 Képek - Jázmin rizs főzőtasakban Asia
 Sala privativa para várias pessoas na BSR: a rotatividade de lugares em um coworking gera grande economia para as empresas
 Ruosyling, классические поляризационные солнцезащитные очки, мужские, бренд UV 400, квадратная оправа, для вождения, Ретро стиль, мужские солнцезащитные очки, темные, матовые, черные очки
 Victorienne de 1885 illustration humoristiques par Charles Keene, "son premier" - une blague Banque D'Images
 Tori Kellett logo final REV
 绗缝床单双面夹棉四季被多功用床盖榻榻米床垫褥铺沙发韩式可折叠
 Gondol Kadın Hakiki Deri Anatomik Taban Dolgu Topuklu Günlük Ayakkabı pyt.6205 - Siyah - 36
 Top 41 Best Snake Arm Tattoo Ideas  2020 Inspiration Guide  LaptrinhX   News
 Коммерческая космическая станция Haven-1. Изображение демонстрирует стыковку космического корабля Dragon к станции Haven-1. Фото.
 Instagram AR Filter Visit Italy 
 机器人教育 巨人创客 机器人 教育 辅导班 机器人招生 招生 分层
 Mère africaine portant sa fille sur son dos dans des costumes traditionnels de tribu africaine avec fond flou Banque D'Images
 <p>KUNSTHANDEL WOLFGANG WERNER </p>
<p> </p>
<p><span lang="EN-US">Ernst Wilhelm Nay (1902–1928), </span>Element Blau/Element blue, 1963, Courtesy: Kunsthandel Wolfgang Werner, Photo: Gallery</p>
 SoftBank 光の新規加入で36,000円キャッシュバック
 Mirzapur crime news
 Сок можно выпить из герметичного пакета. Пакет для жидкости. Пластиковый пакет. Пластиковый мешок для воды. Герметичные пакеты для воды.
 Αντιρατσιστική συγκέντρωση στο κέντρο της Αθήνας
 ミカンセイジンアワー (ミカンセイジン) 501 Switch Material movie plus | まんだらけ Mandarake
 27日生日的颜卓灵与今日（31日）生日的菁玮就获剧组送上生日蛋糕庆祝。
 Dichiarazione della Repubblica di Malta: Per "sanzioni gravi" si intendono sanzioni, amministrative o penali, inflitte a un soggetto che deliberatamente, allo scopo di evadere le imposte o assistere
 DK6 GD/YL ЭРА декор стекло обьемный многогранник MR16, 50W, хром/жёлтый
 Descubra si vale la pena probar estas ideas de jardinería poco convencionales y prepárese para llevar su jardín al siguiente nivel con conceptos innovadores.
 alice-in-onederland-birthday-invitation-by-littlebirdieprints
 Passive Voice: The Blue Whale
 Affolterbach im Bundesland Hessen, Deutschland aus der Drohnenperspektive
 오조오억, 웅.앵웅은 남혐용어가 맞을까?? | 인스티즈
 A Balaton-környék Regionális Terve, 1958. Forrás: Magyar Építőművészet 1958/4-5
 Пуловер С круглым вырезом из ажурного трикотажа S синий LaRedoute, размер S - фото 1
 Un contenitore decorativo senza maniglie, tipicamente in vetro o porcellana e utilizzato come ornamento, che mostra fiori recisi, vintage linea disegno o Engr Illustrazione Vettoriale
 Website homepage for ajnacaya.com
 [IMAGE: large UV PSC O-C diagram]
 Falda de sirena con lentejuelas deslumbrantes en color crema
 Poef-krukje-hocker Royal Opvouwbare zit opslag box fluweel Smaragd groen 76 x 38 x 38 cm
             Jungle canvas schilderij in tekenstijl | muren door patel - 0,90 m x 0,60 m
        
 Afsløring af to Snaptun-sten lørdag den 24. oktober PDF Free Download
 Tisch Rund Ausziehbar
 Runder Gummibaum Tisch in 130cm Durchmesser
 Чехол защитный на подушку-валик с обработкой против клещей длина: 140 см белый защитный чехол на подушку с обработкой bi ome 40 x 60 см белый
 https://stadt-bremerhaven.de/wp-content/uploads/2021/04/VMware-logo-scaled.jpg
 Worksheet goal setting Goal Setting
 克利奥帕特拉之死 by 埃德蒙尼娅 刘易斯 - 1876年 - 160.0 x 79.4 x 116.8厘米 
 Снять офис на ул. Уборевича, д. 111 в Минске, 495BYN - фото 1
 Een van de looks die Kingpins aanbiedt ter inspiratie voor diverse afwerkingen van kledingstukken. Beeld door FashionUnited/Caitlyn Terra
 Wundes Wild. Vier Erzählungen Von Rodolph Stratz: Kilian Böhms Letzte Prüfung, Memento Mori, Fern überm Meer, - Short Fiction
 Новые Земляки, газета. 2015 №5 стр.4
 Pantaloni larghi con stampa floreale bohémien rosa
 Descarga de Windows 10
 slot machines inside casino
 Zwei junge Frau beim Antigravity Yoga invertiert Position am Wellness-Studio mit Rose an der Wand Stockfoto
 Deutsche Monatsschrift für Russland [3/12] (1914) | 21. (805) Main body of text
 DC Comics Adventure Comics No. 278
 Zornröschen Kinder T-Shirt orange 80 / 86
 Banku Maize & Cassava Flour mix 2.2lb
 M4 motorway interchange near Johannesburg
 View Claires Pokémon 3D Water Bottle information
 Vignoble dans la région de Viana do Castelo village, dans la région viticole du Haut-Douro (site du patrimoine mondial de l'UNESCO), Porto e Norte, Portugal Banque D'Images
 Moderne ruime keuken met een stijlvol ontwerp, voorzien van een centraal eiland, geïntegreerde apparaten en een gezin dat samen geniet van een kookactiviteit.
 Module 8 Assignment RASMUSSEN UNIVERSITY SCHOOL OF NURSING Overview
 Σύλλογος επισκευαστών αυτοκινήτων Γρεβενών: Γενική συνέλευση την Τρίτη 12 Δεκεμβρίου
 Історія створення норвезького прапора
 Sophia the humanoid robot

----

# TASK TO CARRY OUT
Check each line above for the word "Images" and copy every line that has it.

# SOLUTION
 Victorienne de 1885 illustration humoristiques par Charles Keene, "son premier" - une blague Banque D'Images
 Mère africaine portant sa fille sur son dos dans des costumes traditionnels de tribu africaine avec fond flou Banque D'Images
 Vignoble dans la région de Viana do Castelo village, dans la région viticole du Haut-Douro (site du patrimoine mondial de l'UNESCO), Porto e Norte, Portugal Banque D'Images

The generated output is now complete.